Architecture Decision Record
ADR: Serverless vs Containers vs VMs
Context: Picking the compute model for a new workload. Revisit this decision once traffic patterns become clear.
| Criteria (Weight) | Serverless (Lambda) | Containers (ECS/K8s) | VMs (EC2/GCE) |
|---|---|---|---|
| Time to production (20%) | Hours (write function, deploy) | Days (Dockerize, configure orchestrator) | Days-weeks (AMIs, ASGs, config mgmt) |
| Cost at low traffic (20%) | Near-zero (pay per invocation) | $15-50/mo minimum (always-on task) | $30-100/mo minimum (smallest instance) |
| Cost at high traffic (15%) | Expensive ($5K+/mo at sustained 100 concurrency) | Efficient ($500/mo equivalent workload) | Most efficient at > 70% utilization |
| Latency control (15%) | Limited (cold starts, no connection pooling) | Full (persistent processes, warm connections) | Full |
| Operational overhead (15%) | None (no infra management) | Medium (cluster ops, image pipeline) | High (OS patching, capacity planning) |
| Vendor lock-in (10%) | High (event source bindings are provider-specific) | Low (OCI standard, portable across clouds) | Low (standard OS, portable) |
| Team size required (5%) | 1-2 developers | 3-5 with platform engineer | 5+ with SRE/ops |
Decision guidance: Start with serverless for greenfield projects where the traffic shape is unknown.

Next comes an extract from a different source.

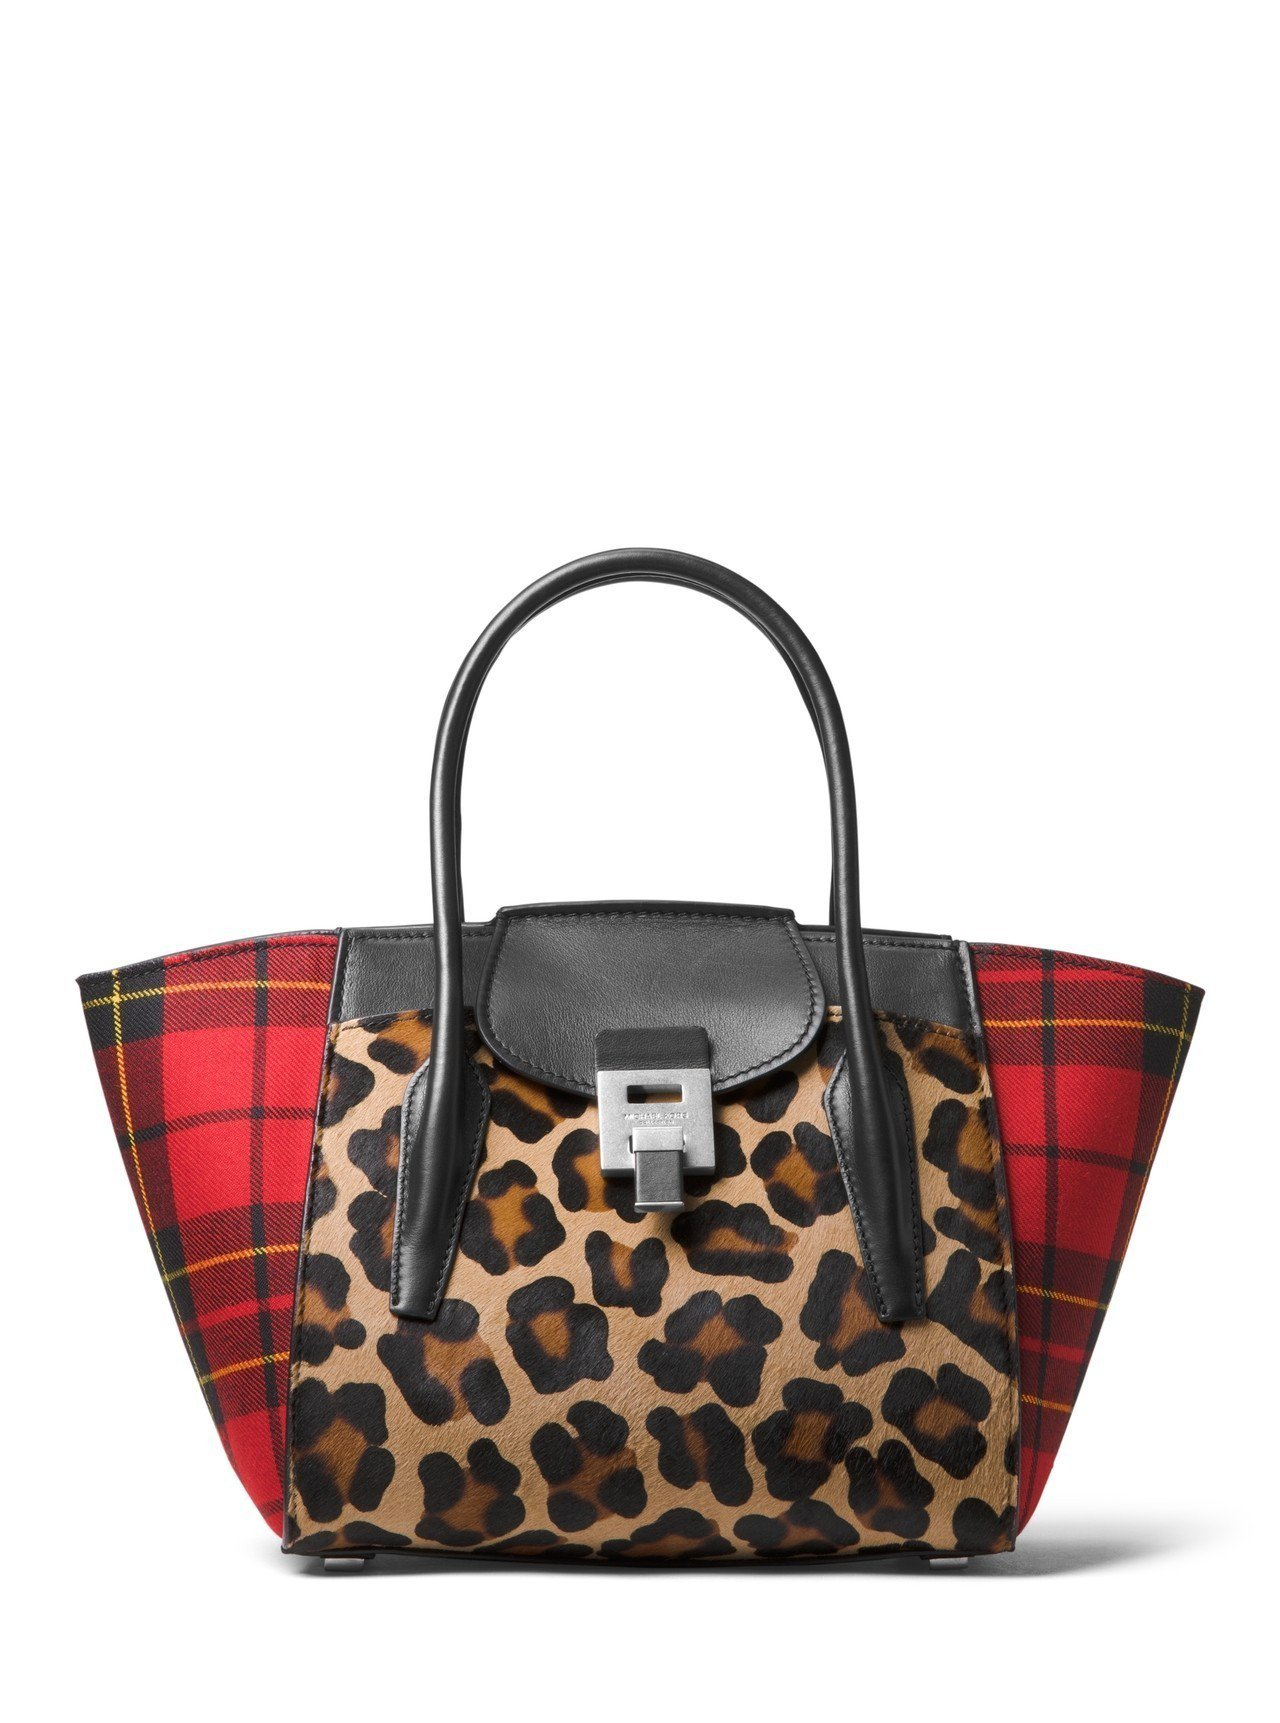 Bancroft豹紋紅格紋拼接提包,售價48,900元。圖/MICHAEL KO...

It removes both cost risk and operational burden early on. Move to containers when monthly Lambda spend crosses $5K, when P99 latency requirements drop below 50ms, or when persistent connections are needed (WebSockets, gRPC streaming). Use VMs for workloads that need specific kernel modules, GPU access, or compliance rules that prohibit shared tenancy. In practice, most mature organizations run all three models at the same time: serverless for event processing, containers for APIs, VMs for legacy workloads. That is fine. Pick the right tool for each job and do not try to force everything into one model.
Key Points
- •Run code without managing servers. The cloud provider handles provisioning, scaling, and patching.
- •Pay-per-invocation pricing means zero cost at zero traffic, but it gets expensive fast at sustained high throughput.

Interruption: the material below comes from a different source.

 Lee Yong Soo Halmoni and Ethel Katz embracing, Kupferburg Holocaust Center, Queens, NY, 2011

- •Cold start latency (100ms-10s) is the biggest trade-off. Provisioned concurrency helps, but costs money.
- •Great for event-driven, bursty, short-lived workloads. Poor fit for long-running processes.

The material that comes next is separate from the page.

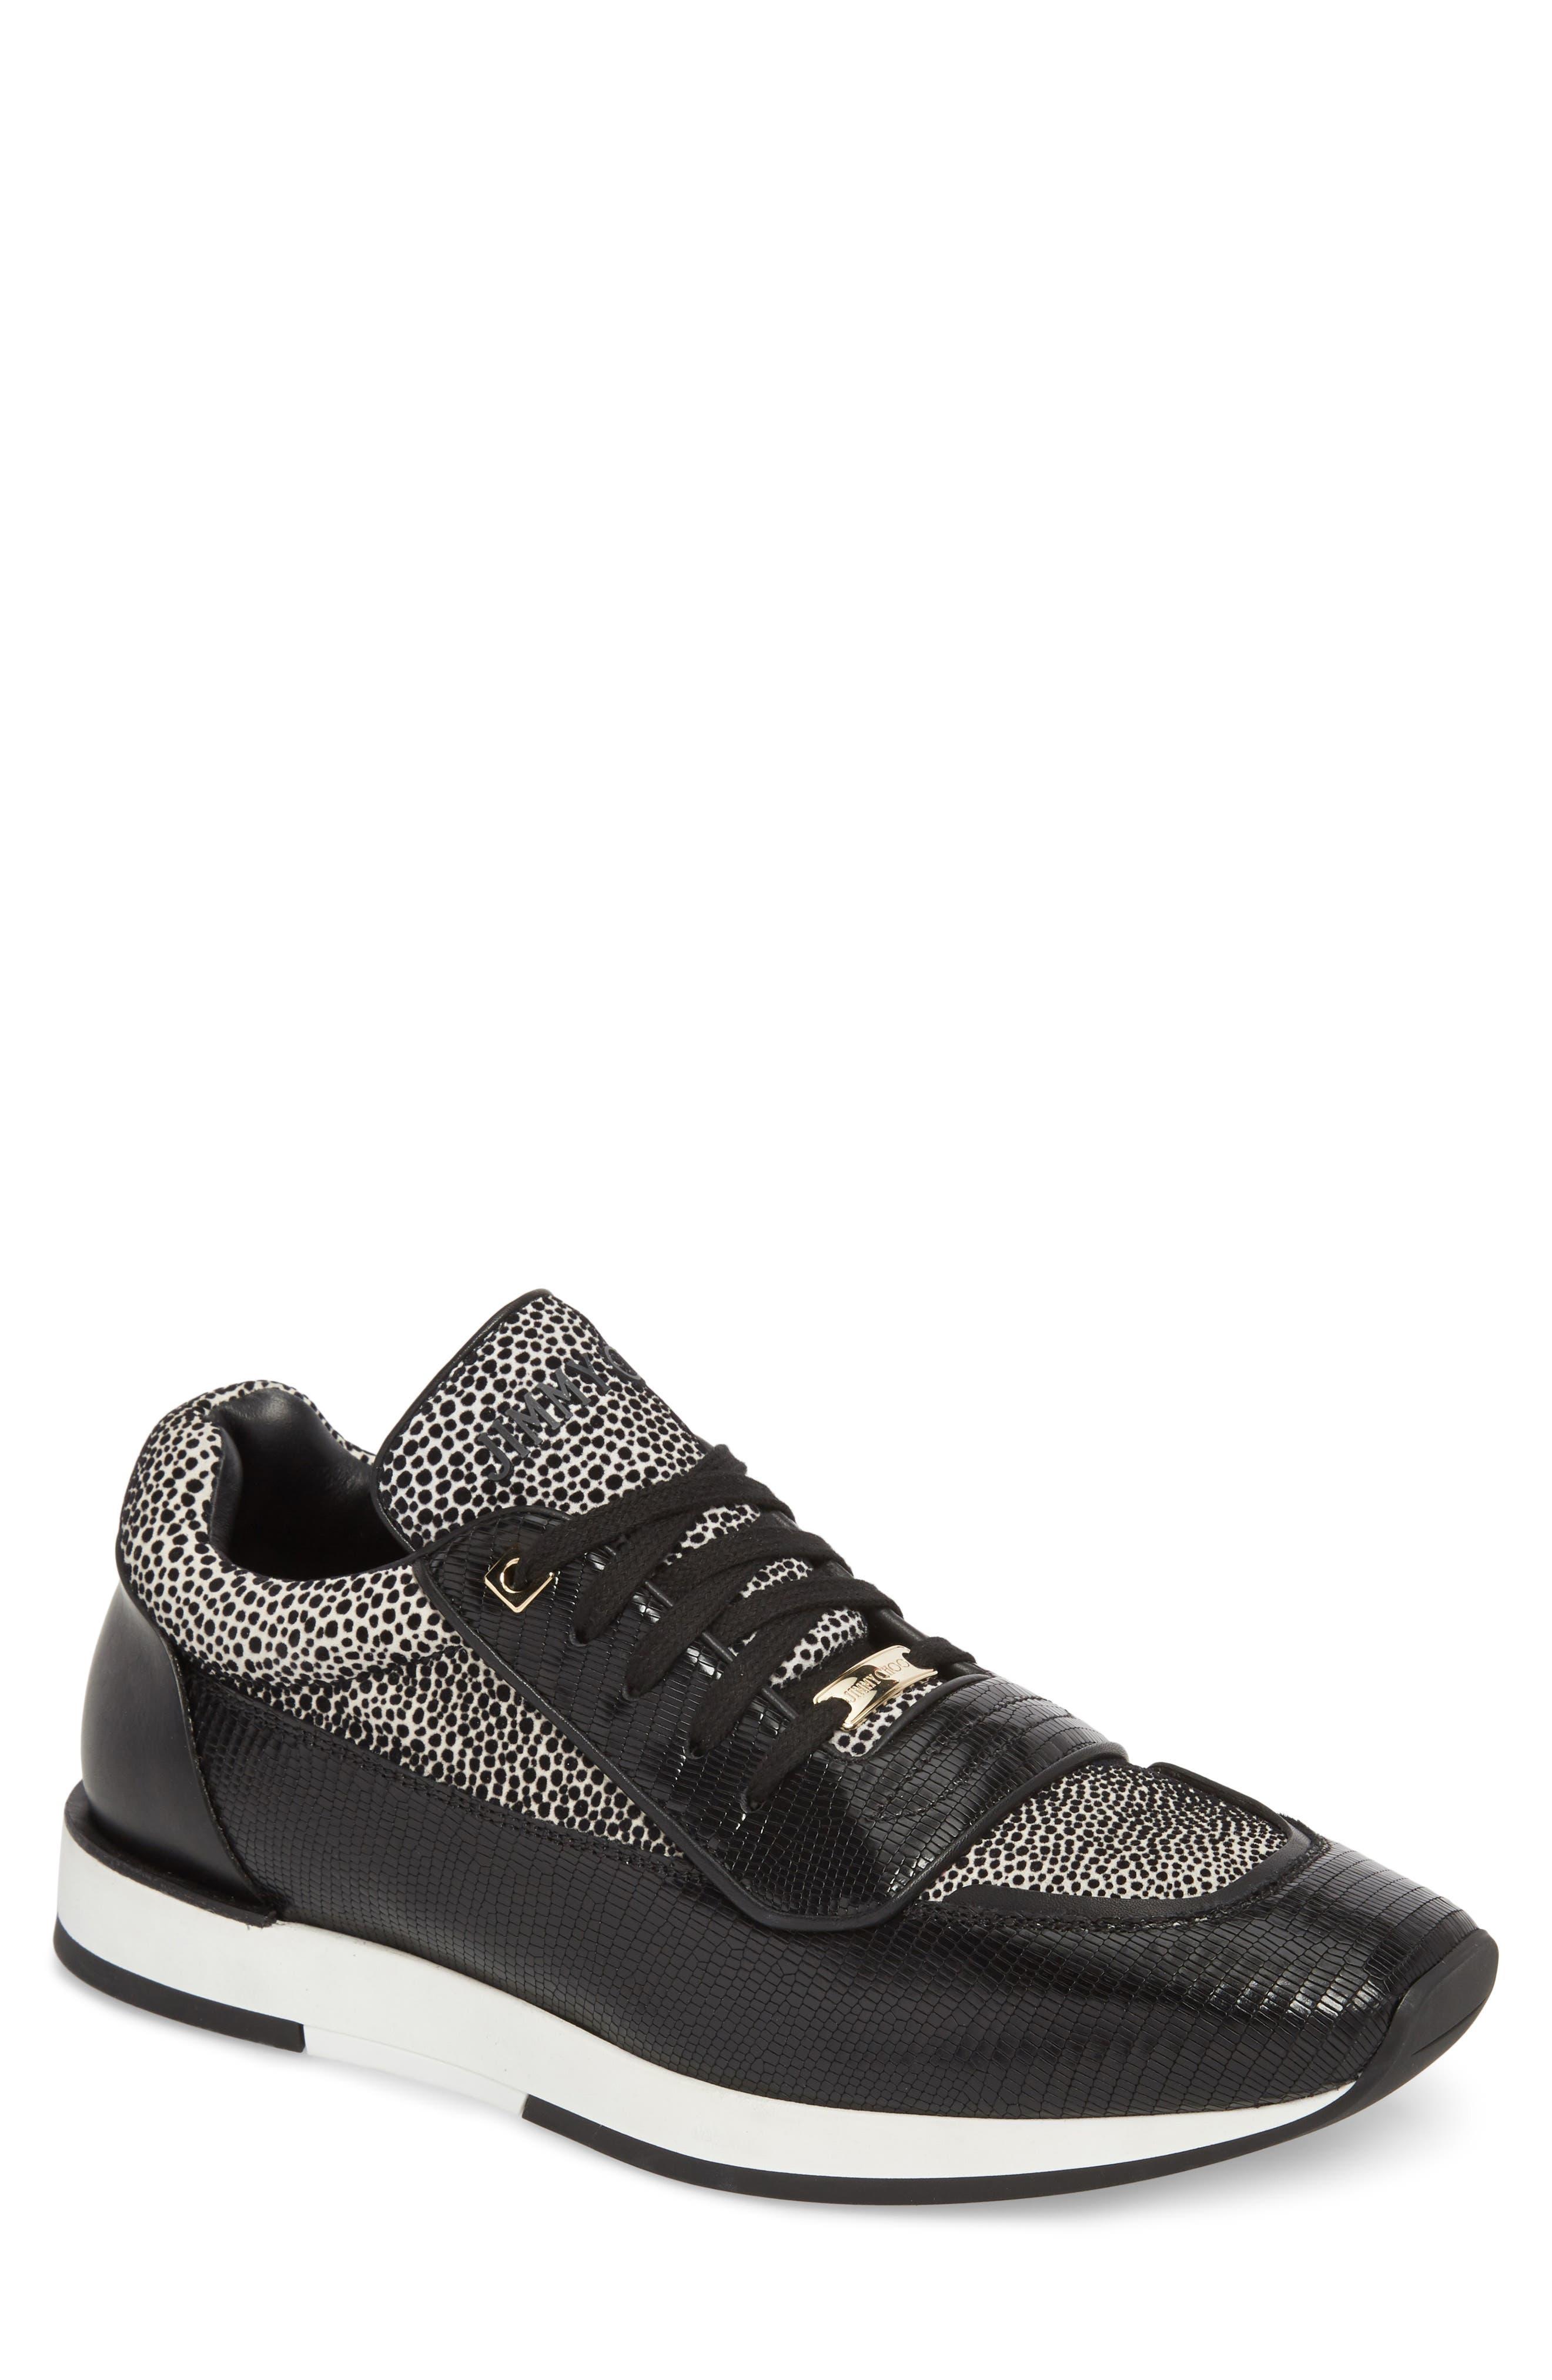 Jett Sneaker,                             Main thumbnail 1, color,                             BLACK/ WHITE

- •Vendor lock-in is real. Lambda, Cloud Functions, and Azure Functions each have different APIs and limits.
Tool Comparison
| Tool | Type | Best For | Scale |
|---|---|---|---|
| AWS Lambda | Managed | Broadest event source integration, mature ecosystem | Small-Enterprise |
| Cloudflare Workers | Managed | Edge execution, V8 isolates, sub-ms cold start | Small-Enterprise |
| Google Cloud Functions | Managed | GCP integration, Cloud Run for containers | Small-Enterprise |
| Knative | Open Source | Serverless on Kubernetes, no vendor lock-in | Medium-Enterprise |
Common Mistakes
- Using serverless for latency-sensitive synchronous APIs without provisioned concurrency
- Ignoring concurrent execution limits, then getting throttled when traffic spikes
- Building monolithic functions that do too much. Each function should do one thing.
- Forgetting cold start impact on P99 latency. That 1% of requests can be 10x slower than normal.
- Skipping timeout and memory limits. Runaway functions will burn through the budget.